Tetapi kemudian saya mendengar tentang Children's Art Gallery, sebuah inisiatif lokal yang dimulai oleh seorang pelukis Inggris yang berkunjung yang menemukan bahwa anak-anak miskin Kamboja lebih suka melukis dan menjual karya seni mereka, daripada meminta atau menjajakan perubahan. Saya bertanya kepada pelukis, Roger Dixon, apakah dia keberatan melakukan wawancara. Dengan ekor kuda putih dan matanya yang bersinar, dia dengan senang hati menerima.

"Segalanya menjadi lebih baik di sini, " katanya, merefleksikan sejarah kelam Kamboja. "Aku sudah datang ke sini selama bertahun-tahun dan itu berubah." Dia mengungkapkan betapa sedikit lebih dari setahun sebelumnya, dia mendapati dirinya membalut luka anak-anak setempat karena tidak ada orang lain yang mau. Ketika anak-anak melihat lukisannya, mereka bertanya apakah mereka bisa membuatnya juga. Hampir setahun kemudian, mereka telah menjual ratusan lukisan dan anak-anak menunjukkan semangat baru untuk hidup.

Mereka masih menjajakan gelang mereka, tentu saja, tetapi mereka melakukannya dengan senyum yang hanya bisa muncul dengan mengembangkan harga diri, bukannya mengasihani diri sendiri. Dan tentu saja, tidak ada yang lebih pantas dari harapan daripada anak-anak Kamboja, sesuatu yang pasti telah diputuskan Roger Dixon ketika dia diam-diam memulai program seni.
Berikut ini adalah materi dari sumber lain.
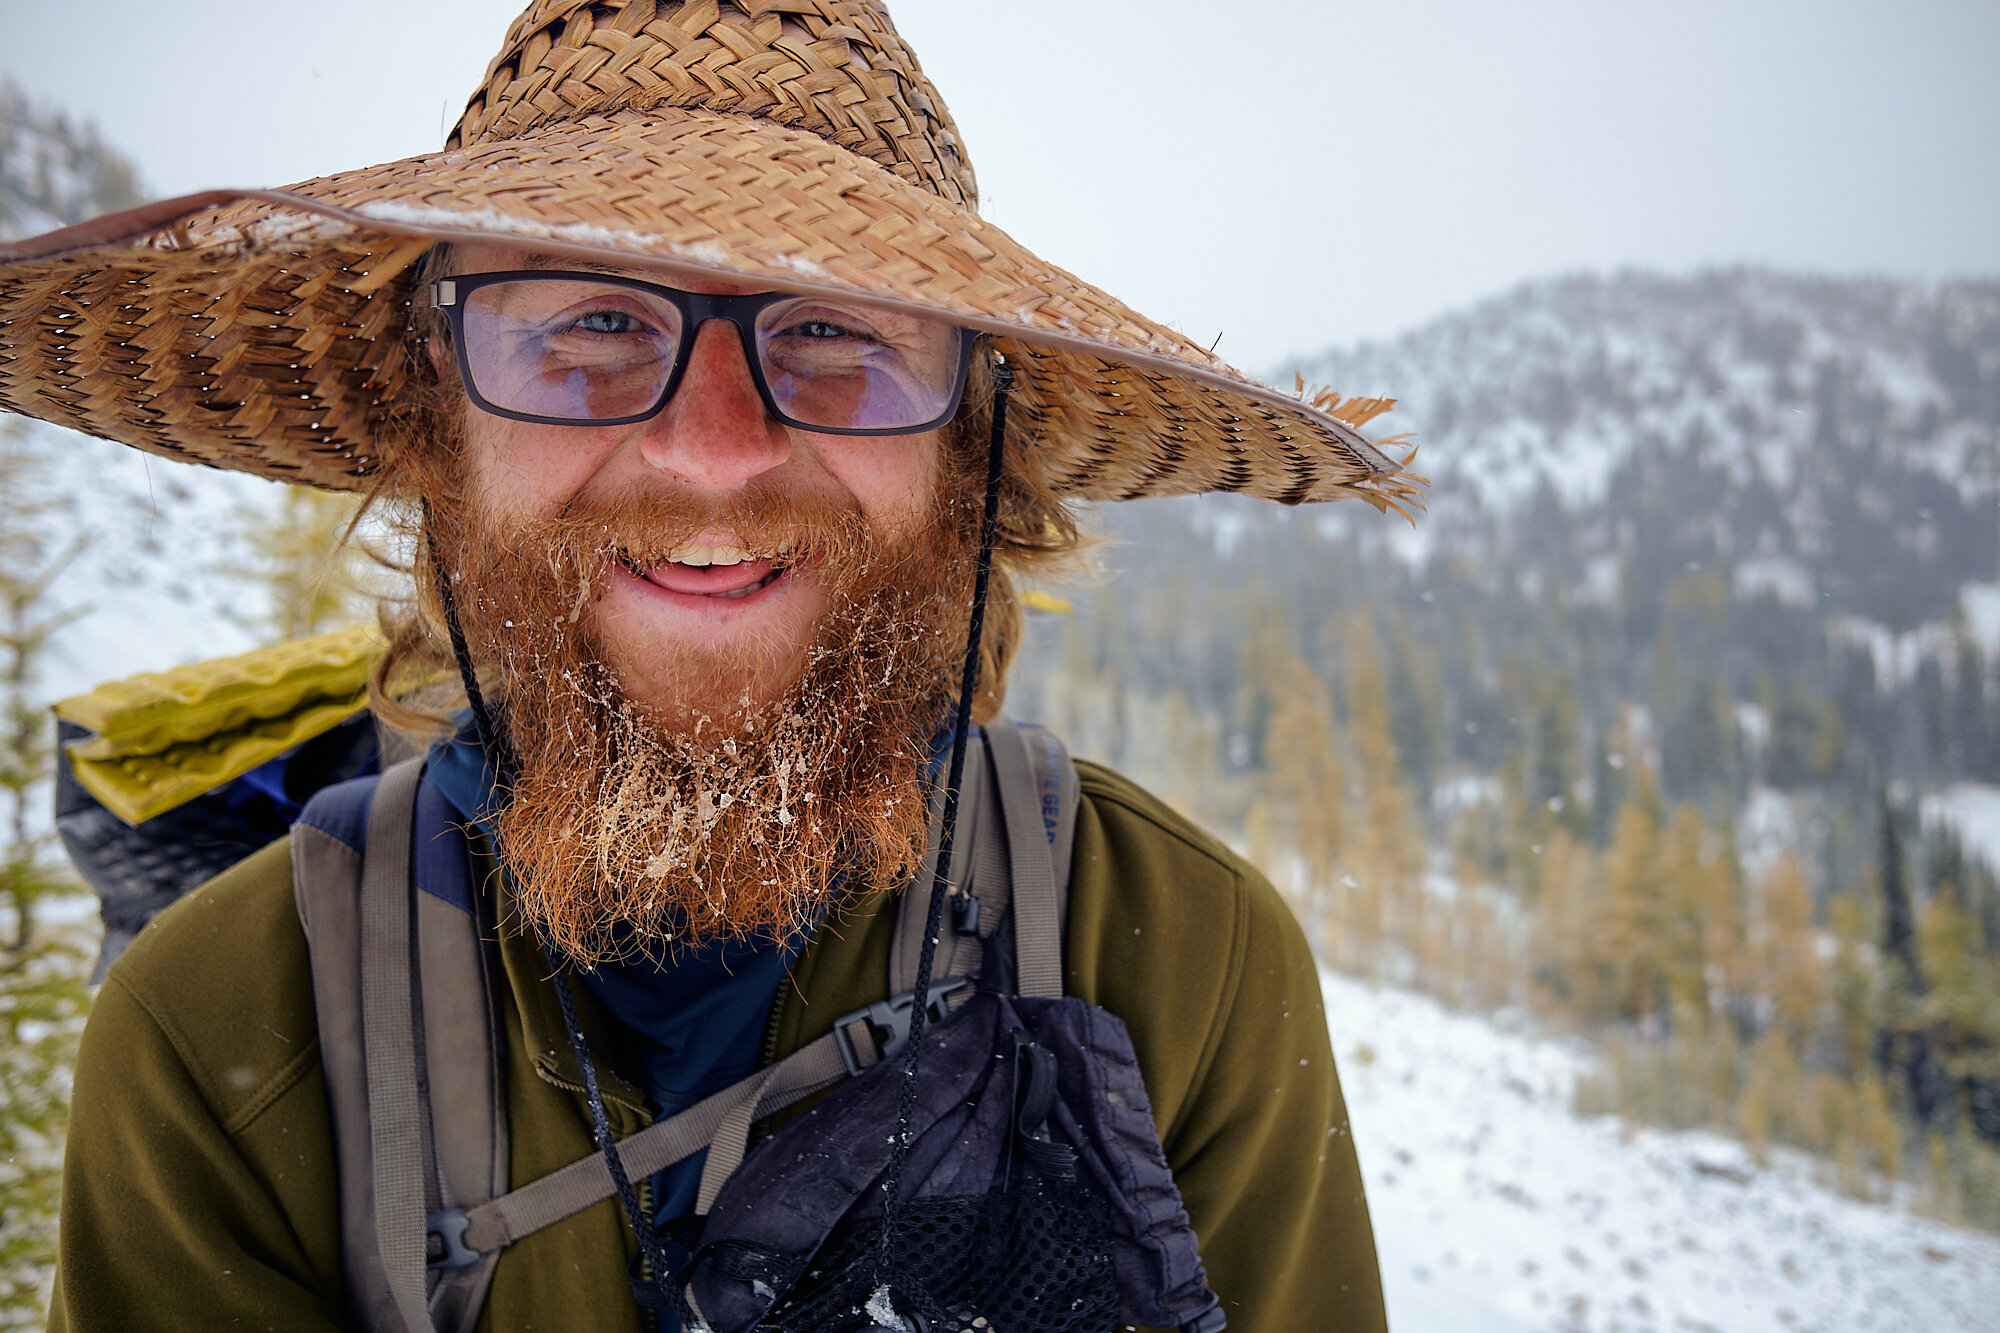  Lebowski in good spirits despite having to backtrack 30 miles from the border in sub-freezing temperatures. | 10/8/19 Mile 2,627.2, 6,295'

Dia melambaikan tangan kepada kami ketika kami meninggalkan galeri pantai seadanya, lima lukisan asli di bawah tangan kami.

Kontrasnya sangat mencolok: di satu sisi, goyangan jahat para diktator seperti Pol Pot, pembunuh yang terlalu banyak untuk disebutkan, terbunuh karena alasan yang tidak pasti, bukan dengan tangannya sendiri, tetapi melalui tangan ratusan jenderal, tentara, penjaga, dan orang-orang biasa yang percaya pada kematian seperti itu - atau jika tidak, gagal mengenali kegelapan yang berkumpul sebelum semuanya terlambat.

Di sisi lain, ada yang diam seperti Roger Dixon yang mengabdikan hidup mereka untuk tugas-tugas kecil dan signifikan yang lebih baik kehidupan orang-orang di sekitar mereka, dengan cara halus yang sulit untuk ditentukan, namun tetap bergema. Orang-orang ini tidak menuntut pengakuan, tidak ada perhatian, di luar pengertian bahwa dengan satu-satunya cara mereka tahu caranya, mereka telah membuat perbedaan.

Dan itulah satu-satunya alasan saya bisa melangkah ke tepi kuburan massal dan masih percaya pada kemanusiaan.

"Betapa miripnya semua tiran dan penakluk hebat: betapa berbedanya orang-orang kudus."